SECURITIES AND EXCHANGE COMMISSION

                     Washington, D.C. 20549



                           FORM 8-K

                        CURRENT REPORT

     Pursuant to Section 13 or 15(d) of the Securities Exchange Act
of 1934



     Date of Report (Date of earliest event reported) May 11, 2000



           SOUTH TEXAS DRILLING & EXPLORATION, INC.
     (Exact name of registrant as specified in its charter)



State of Texas                2-70145          74-2088619
(State or other juris-     (Commission       (IRS Employer
diction of incorporation)   File Number)      Identification No.)



9310 Broadway, San Antonio, Texas                  78217
(Address of principal executive offices)         (Zip Code)



Registrant's telephone number, including area code   (210) 828-7689



__________________________________________________________________
     (Former name or former address, if changed since last report.)

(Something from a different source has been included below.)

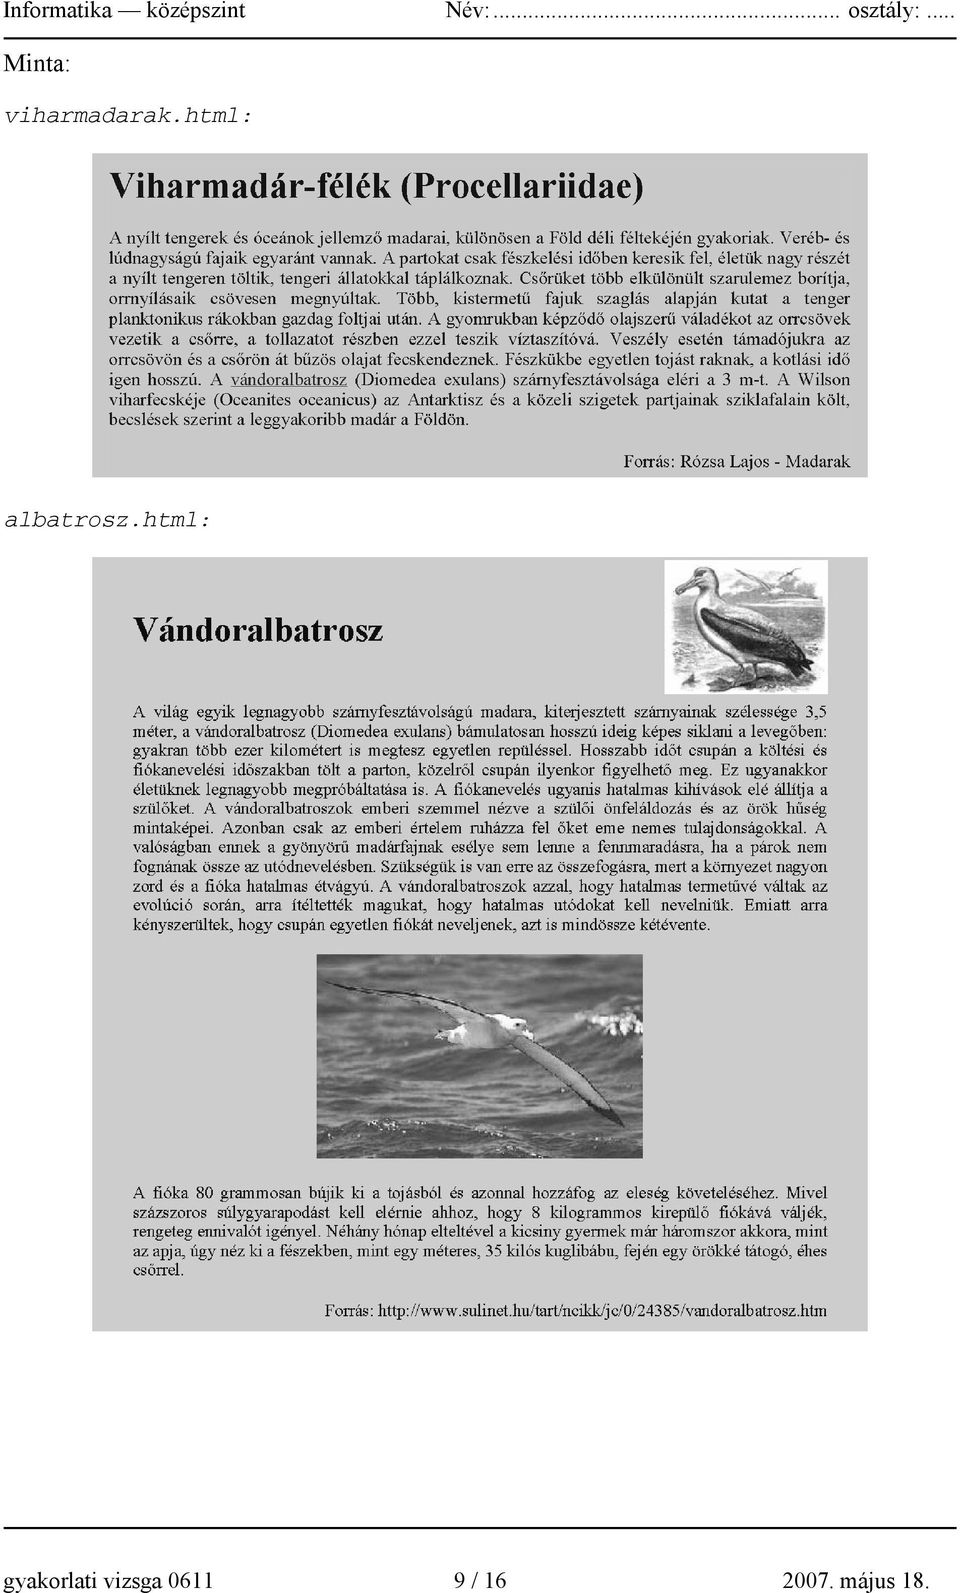 html: albatrosz.

Item 1.     Changes in Control of Registrant.

          On May 11, 2000, the Registrant sold in a private
transaction 3,678,161  shares of $.10 par value common stock to
WEDGE Energy Services, L.L.C., a Delaware limited liability company
("WEDGE").  WEDGE previously purchased 1,153,846 shares from the
Registrant on February 18, 2000, for an aggregate purchase price of
$1,500,000.  The Registrant understands that Mr. Issam M. Fares is
the ultimate beneficial owner of all of the outstanding ownership
interests of WEDGE.  WEDGE paid an aggregate $8,000,000 for the
3,678,161 shares of common stock purchased by WEDGE on May 11.  The
Registrant understands that the $8,000,000 aggregate purchase price
was obtained by WEDGE from affiliated entities or persons.  The
Agreement under which the May 11 sale occurred included contractual
preemptive rights in favor of WEDGE and a right of first offer  in
favor of the Registrant with regard to the Registrant's common
stock held by WEDGE.

          The aggregate 4,832,007 shares owned by WEDGE, which
constitute all of the capital stock of the Registrant owned by
WEDGE, represents 44.116 % of the Registrant's common stock
outstanding; or 33.5% on a fully diluted basis assuming conversion
of all of the Registrant's Convertible Preferred Stock and stock
options outstanding.

     Incident to its sale of common stock to WEDGE, the Registrant
agreed to support and cause to be placed on the ballot at each
election of directors of the Registrant one (1) person designated
by WEDGE who shall also serve on the Audit and Compensation
Committees of the Board.  Messrs. Mike Little and Stacy Locke
(Chairman and President of the Registrant, respectively) have
executed a Voting Agreement requiring them to vote their shares in
the Registrant in favor of the WEDGE nominee for director.  Messrs.
Little and Locke own 8.6% of the Registrant's common stock on a
fully diluted basis.

                        SIGNATURES

     Pursuant to the requirements of the Securities Exchange Act of
1934, the Registrant has duly caused this report to be signed on
its behalf by the undersigned hereunto duly authorized.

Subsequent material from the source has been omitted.